On April 21, 2016, Williamson County Judge Michael Binkley sided with the state, allowing votes from individuals who didn't participate in the gubernatorial race to be counted for the amendment. However, the next day, federal judge Kevin H. Sharp ruled against the state in the original federal lawsuit. He stated that only votes from individuals who also voted for gubernatorial candidates should be considered valid for the amendment. Judge Sharp emphasized the inequality in weighing votes, where those who voted against Amendment 1 and for governor were not given the same significance as those who voted in favor of the amendment but did not participate in the governor's race. Consequently, Sharp ordered the state to recount the 2014 election results.
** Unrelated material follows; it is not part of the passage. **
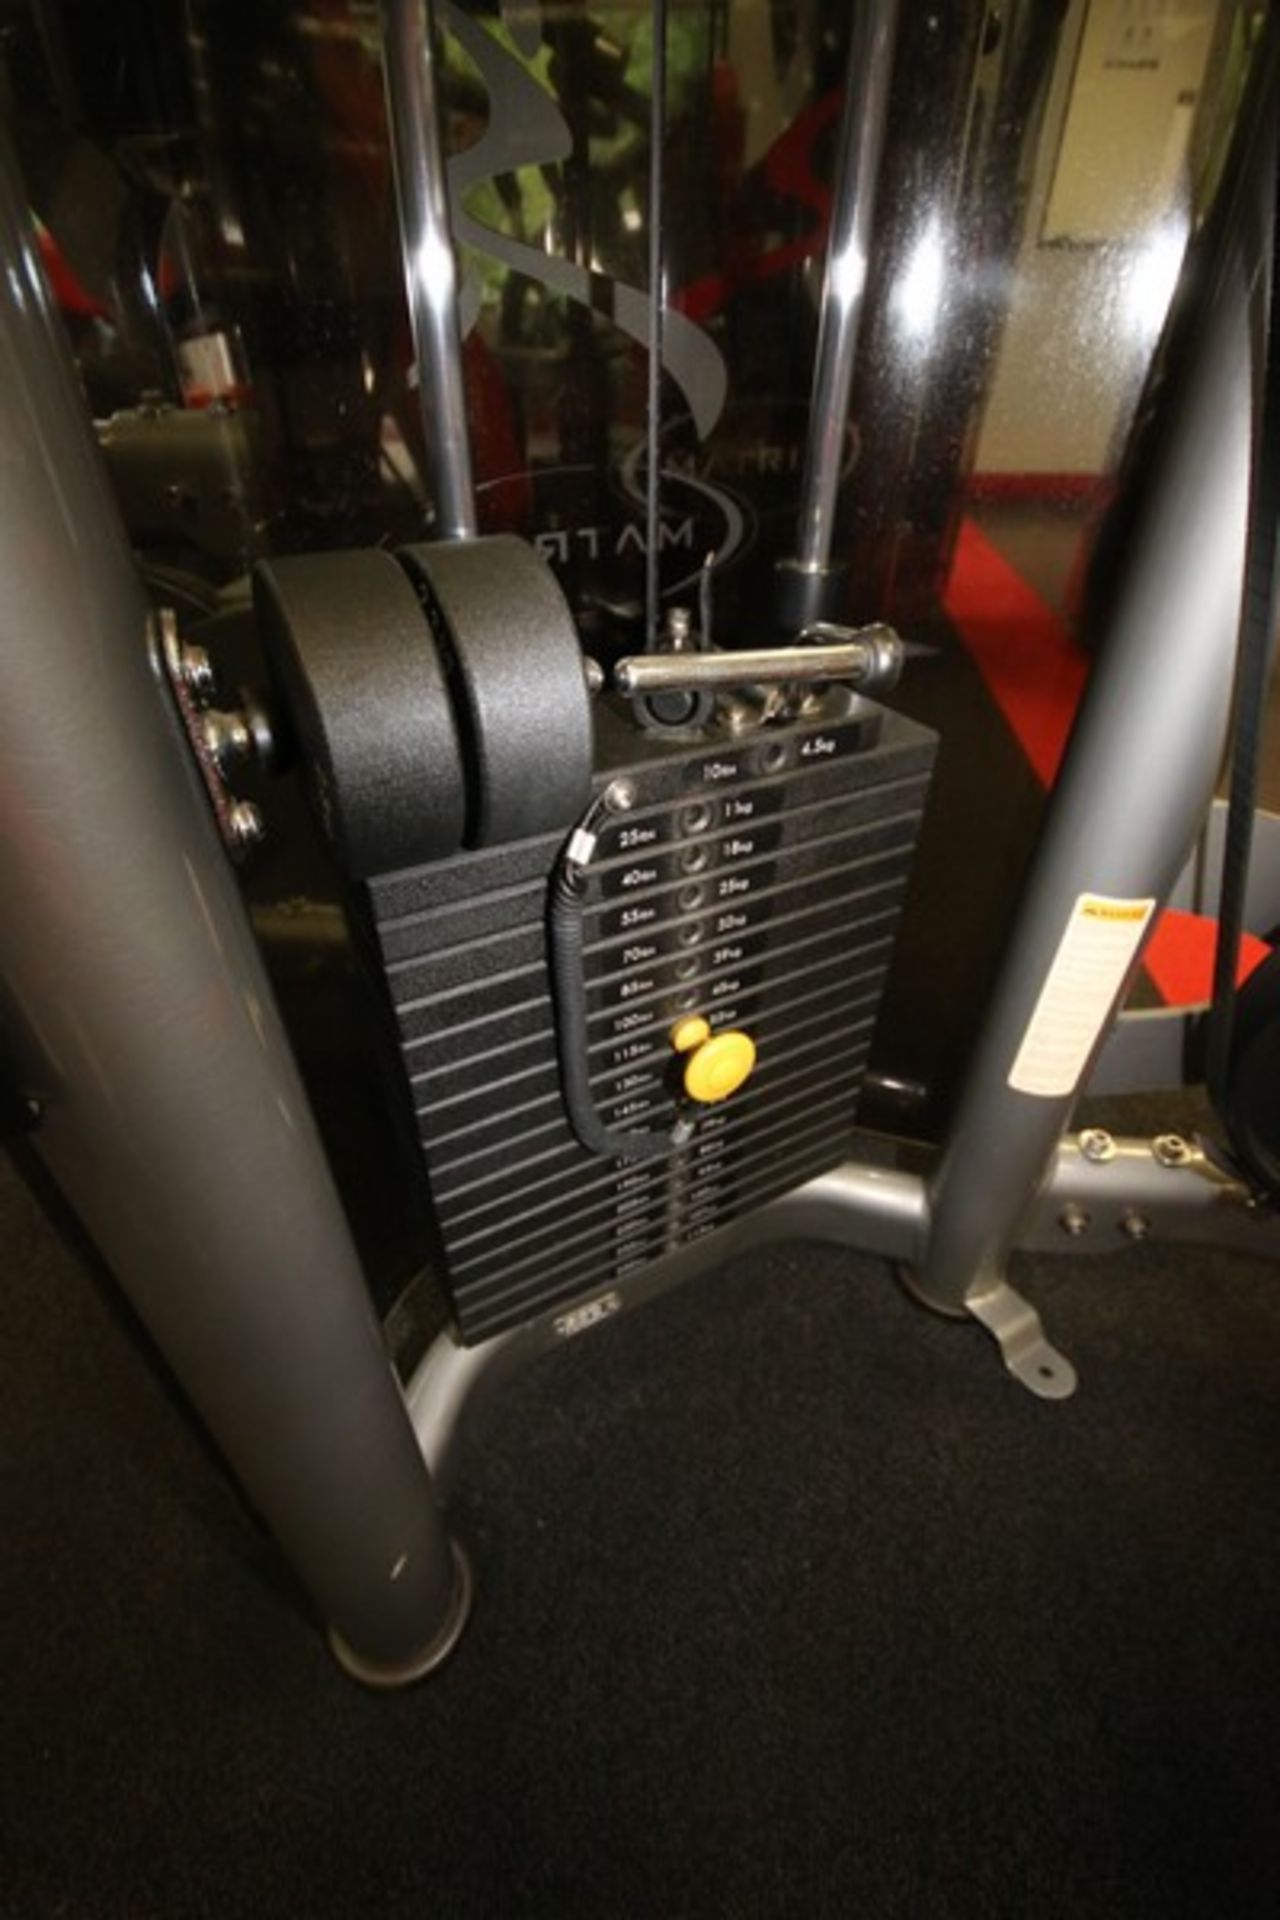 Matrix Chest Press Cable Machine, 10-250 lbs. Weight Range on Plates, Overall Dims.: Aprox. 64" L - Image 3 of 4

On April 26, 2016, Tennessee Attorney General Herbert Slatery appealed Sharp's ruling to the U.S. Court of Appeals for the Sixth Circuit, asserting that the matter of determining the required vote to amend the Tennessee Constitution should be decided by state law and Tennessee courts. State attorneys requested a postponement of the recount until the appeal was resolved, citing the need to avoid additional strain on election officials preparing for upcoming elections. On January 9, 2018, the Sixth Circuit, in a unanimous decision, stated that the plaintiffs failed to demonstrate how the state had diluted their votes, emphasizing that federal intervention in a lawful state election process was unwarranted. The court concluded that the controversy surrounding the 2014 approval of Amendment 1 needed resolution. The plaintiffs then appealed to the U.S. Supreme Court, which declined to hear the case on October 1, 2018.